Can you give some more specific guidance about what you’re looking for? And how it differs from what we’ve provided via the TOPMed white paper (linked via https://github.com/orgs/dcppc/teams/everyone/discussions/2)?
For example, some sections of the TOPMed white paper that already describe in detail some of the common misconceptions about TOPMed data include: Section VII on dbGaP data and metadata describes that the TOPMed data is available via dbGaP, not special TOPMed data shares of any kind; Section II on TOPMed projects vs. parents describes the important concept that the studies involved in TOPMed have existed for a long time before TOPMed itself; and Section VIII provides examples of how unharmonized the TOPMed phenotype data is.
Apologies it took some time to get through the 56 pages; this is helpful comprehensive documentation. It fits the bill for helping people understand the data, but doesn't directly answer the question about whether and how exactly other people may be consistently mis-using your data (with its current formats and documentation).
It is also possible to respond that a) you are not sure, or that b) their parsing errors or false assumptions are lots of different things without any common theme or that c) people are using it correctly but not to its full potential. Concrete examples are especially welcome.
Documenting these pain points before we do the dcppc work can help focus our efforts and demonstrate impact.
Thanks very much for reading the whitepaper!
As to “how exactly other people may be consistently mis-using your data” - because of the access-controlled nature of the data, TOPMed is structured so that users have to make specific proposals and describe their intended data usage prior to gaining access to the data via dbGaP, so there is lots of opportunity for the community to evaluate the intended data usage and any potential for misuse. Our organizational structure is intended to prevent widespread significant data misuse, and seems to have succeeded at that goal so far.
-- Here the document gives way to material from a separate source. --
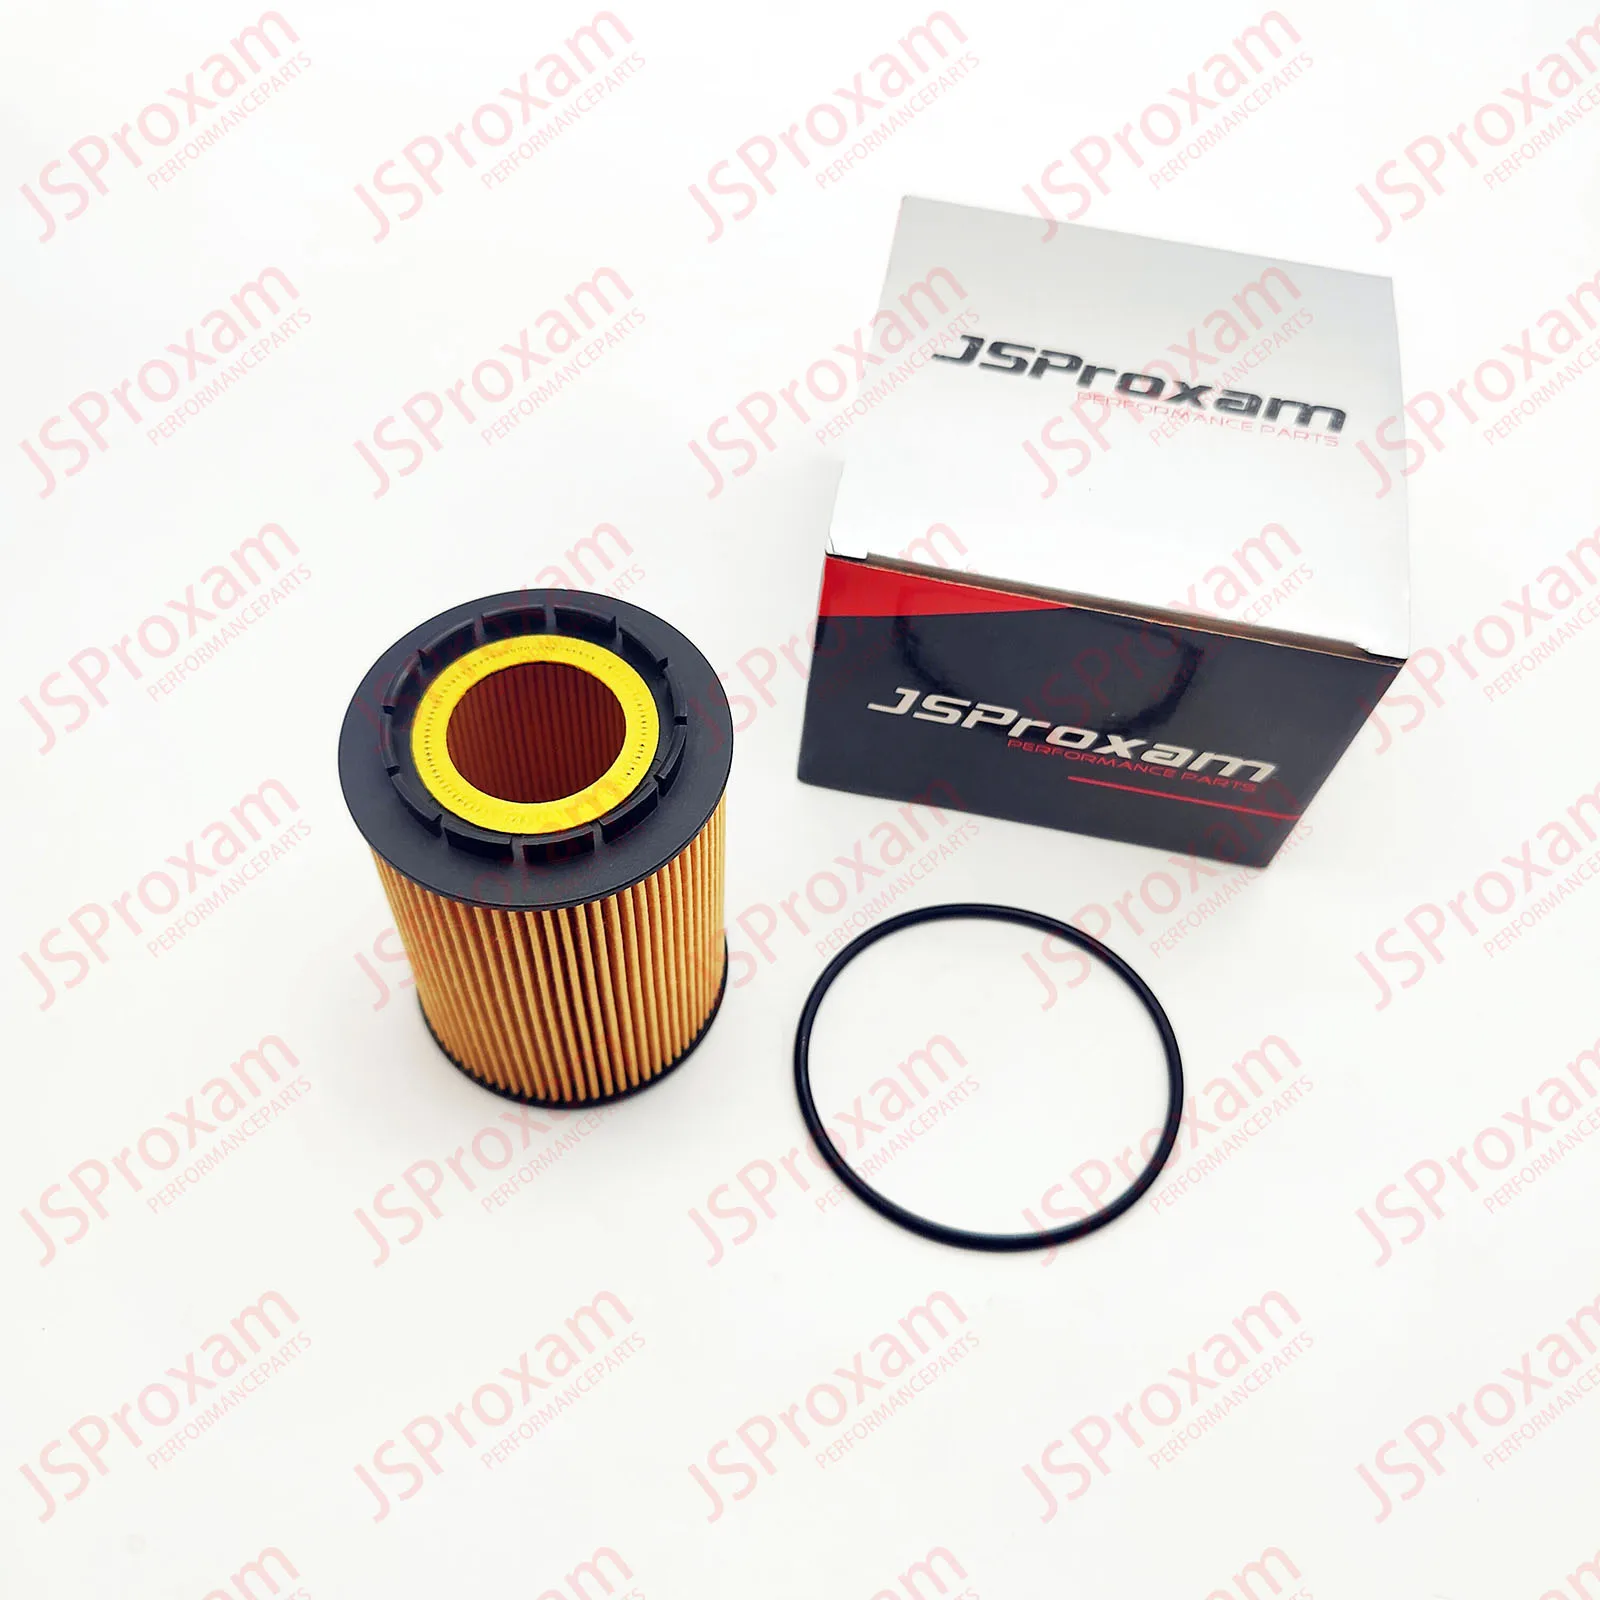 895207 35-895207 Fit For Replaces Mercruiser CMD QSD 2.0 2.8 4.2 83mm Diameter Diesel Oil Filter
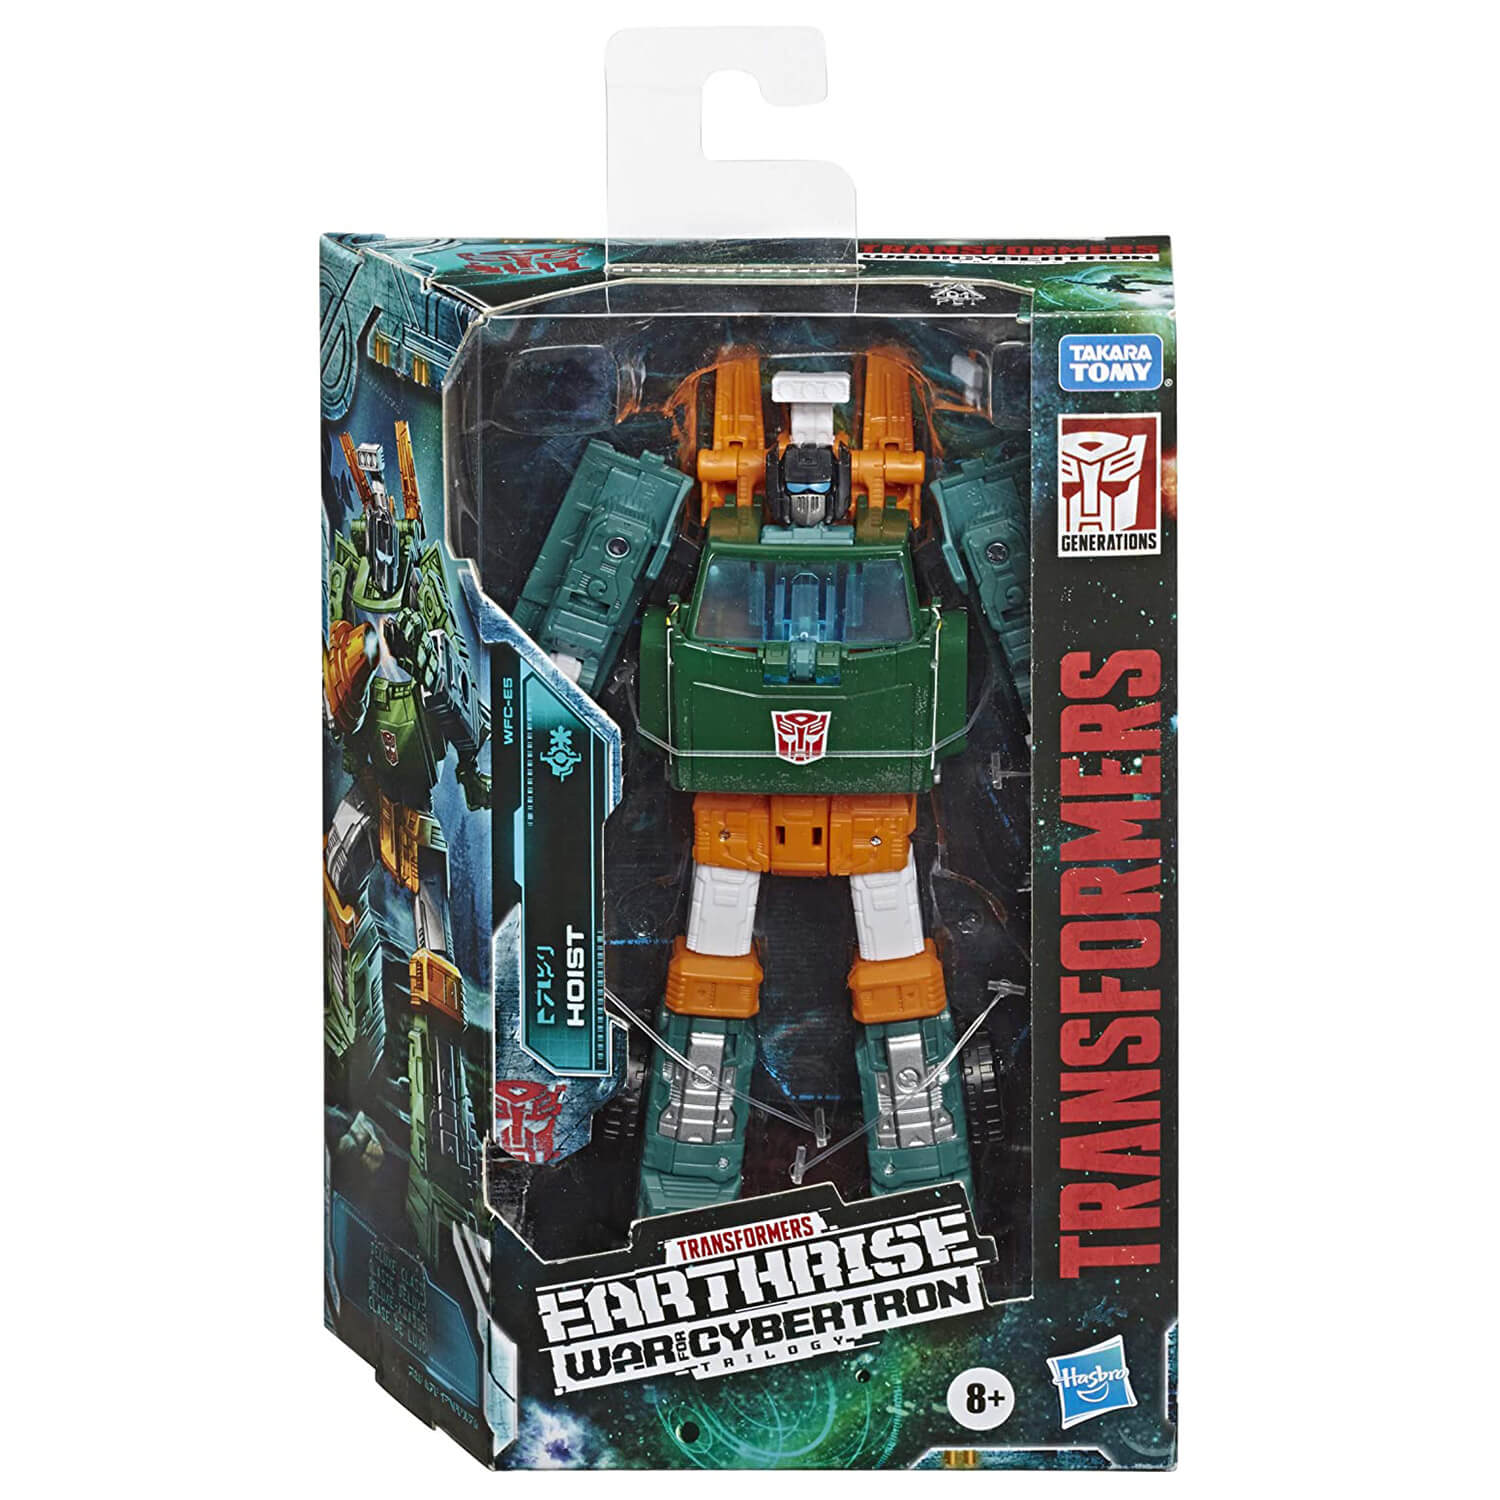 Front view of the Transformers Earthrise War for Cybertron Deluxe Hoist Figure package.

However, we have seen widespread misunderstanding of what the data is, what the data cleaning process is, and what aspects of the data can be meaningfully analyzed - issues such as people wanting to do statistical analysis on variables that are not comparable (thus “phenotype harmonization”). We have also encountered scaling challenges as the genotype data volume grows with each new data freeze/release. This data set is very rich, but meaningful analysis is very difficult.
A few concrete reasons that meaningful analysis is difficult include:
It requires harmonizing lots of heterogeneous, legacy phenotype data;
The genotype data size makes computation challenging on local resources (very large matrices mean very large memory requirements and processing times);
The consent value for a given subject can change over time, so the current consent values for all subjects must be tracked.
Here are some potential pitfalls regarding phenotypic data (there are many others that are not listed):
Files provided by dbGaP are a mostly consistent format, with some quirks:
Sometimes a subject has enrolled in two different studies, and thus has two different phenotype records. Sometimes this information is provided by dbGaP, but often it is not known.
Failure to properly account for missing codes
SUBJECT_IDs are not uniquely assigned across studies, so one subject in one study could have the same SUBJECT_ID as a different subject in another study. Solution: Include study in the subject identifiers.
Failure to perform appropriate additional data QC
Performing cross-study analyses for binary traits with different case definitions.
Is this kind of information what you're looking for, @jmcmurry ?
Yessssss! This is pitch perfect. Thanks so much @bheavner; you've provided a great template for the other stewards too. As soon as you transfer this text to a markdown file in this repo, we can close the topmed portion of this ticket.
Thanks Ben :) I'm going to reopen this just because I'm waiting on it from GTex and Alliance. I've checked the Gtex box at the top of the issue to show it is 1/3 complete.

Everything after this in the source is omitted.